Igual que los veinteañeros entienden que no hay que jugar con fuego cuando sus madres dicen nanay de la China o la cagaste, Burt Lancaster, aunque no hayan visto ni una sola de sus películas.
Es un acuerdo de comprensión hereditaria que, sin embargo, cuesta bastante más alcanzar con las nuevas generaciones, y eso es lo que Abad se ha propuesto cambiar. “Vemos a los mayores y a su lenguaje como arcaicos, y a los más jóvenes como perdidos de la vida. Es un clásico. Los griegos lo dejaron recogido en sus escritos, que veían a las nuevas generaciones como una perversión, una locura”, dice para admitir que ella comenzó este manual con una buena carga de prejuicios.
Abad, Generación X y acostumbrada a la corrección del lenguaje periodístico, tuvo que clavar la nariz en el diccionario de la RAE, la Fundéu, artículos y documentos históricos, pero también salir a la calle y “cotillear”. “Me iba a un bar andaluz o al parque con mis sobrinos y ponía la oreja.

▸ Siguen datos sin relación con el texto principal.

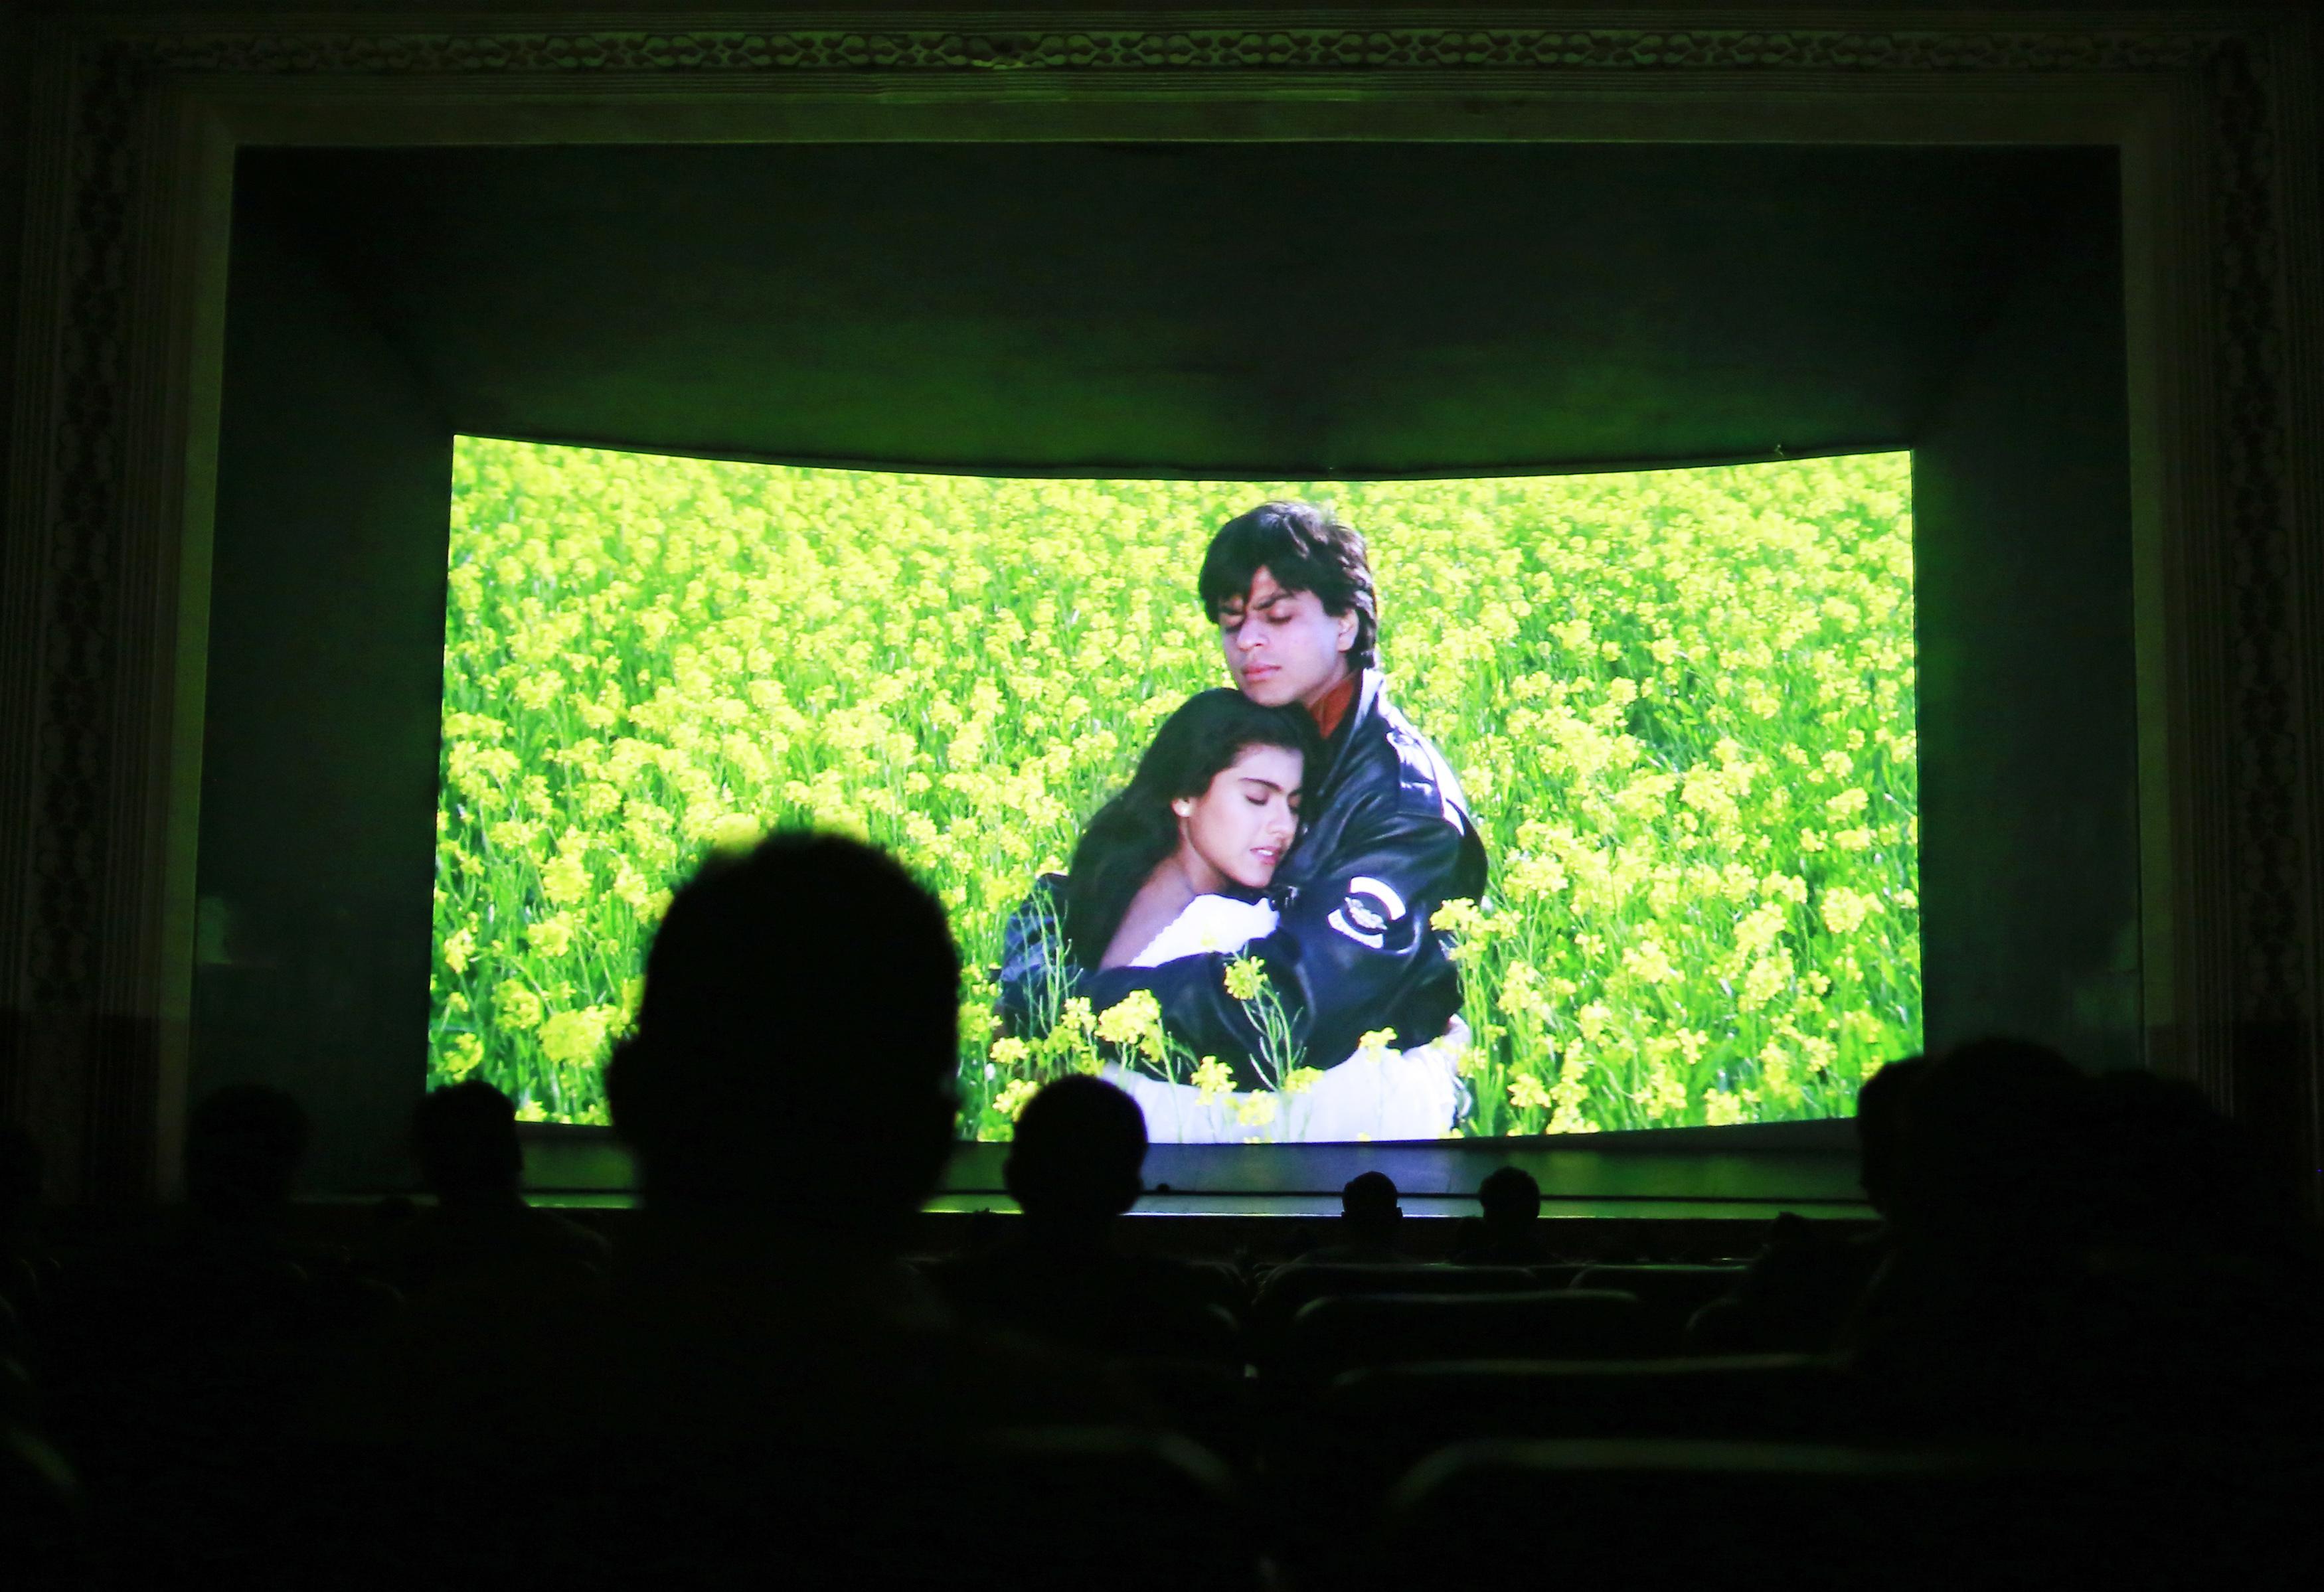 Inside the Mumbai theater, moviegoers look at the screen.

El idioma pertenece a quien lo usa, es una obra colectiva alucinante”, cuenta con la sonrisa de quien ha disfrutado en su misión lingüística.
Fue así como descubrió el despliegue de creatividad de los canis y las chonis, con sus vaivenes de mayúsculas y minúsculas y ese tuneo estrafalario de las palabras. “Les observé desde el asombro, con una mirada limpia, y vi valores donde antes solo veía mofas”, afirma la escritora.
Lo importante de este manual es que se aleja de definiciones encorsetadas y ofrece tanto la naturaleza de las expresiones como la de su uso social a través de varias anécdotas. Así sabemos que el niqui viene del Nick Romano de Llamad a cualquier puerta y el estraperlo de una máquina del Casino de San Sebastián, o que pijo pasó de ser una “nadería” o “pene” al antagonista de David Summers que conducía “un Ford Fiesta blanco”.
No hay chicas yeyé millennials
chicas yeyé millennialsEn cada una de las generaciones se puede percibir la moral de la época y cómo las palabras han servido tanto de mordaza como de elemento liberador con el paso de los años. Sobre todo en el caso de las mujeres.
En el capítulo dedicado a los silenciosos, abundan términos que se relacionan con el sacrificio, el silencio, la sumisión, la sombra y las sonrisas. Todos ellos para describir el “designio divino” del ángel del hogar, que alejaba a las buenas cristianas de otras como la querida, la descocada, la solterona, la pecaminosa o la niña topolino.
Estas últimas son las que plantaron cara a la dictadura olvidándose del ajuar para ser “la eterna chica española de clase media, con estudios o ganas de tenerlos”. Las Carmen Martín Gaite, “aunque no a todas les perdía el activismo o la filosofía”. Mar Abad reconoce que ni ellas ni el apartado dedicado a las chicas yeyé, los bikinis y las minifaldas son casuales.
“Elegí muchas palabras relacionadas con las mujeres porque no quiero que se olvide lo que tuvieron que sufrir y cómo ensombrecieron su vida”, afirma. Piensa que, aunque ahora nos suene a ciencia ficción, es algo sobre lo que debemos leer para no bajar la guardia y que no vuelva a pasar. Porque, sin “la voltereta mortal ideológica” de esas yeyé y topolino, “nosotras no seríamos tan libres”.
Por eso en la Generación X y millennial ya no hay una figura femenina reveladora o rompedora como ellas, “y eso es una buena noticia”. La periodista cree que la forma de reivindicar la igualdad de la mujer en el lenguaje de estas generaciones es “darlo por sentado”. Ella lo hace incluyendo expresiones como poliamor o sexting, porque es una forma de celebrar la libertad sexual femenina. Su otro homenaje se lee entre líneas cuando cita al diccionario de María Moliner, más feminista y costumbrista, e incluso a la RAE.
“Nos llega lo más histriónico, como las declaraciones de Félix de Azúa o Pérez Reverte, pero dentro de la RAE hay mujeres maravillosas, actuales y feministas”, recuerda Abad. Porque De estraperlo a postureo es algo más que un manual, es una forma de derribar prejuicios incluso hacia nuestras instituciones más anacrónicas, y de abrir la mente a la sabiduría de nuestros antepasados y a la providencia de los que diseñarán los códigos de comunicación en el futuro.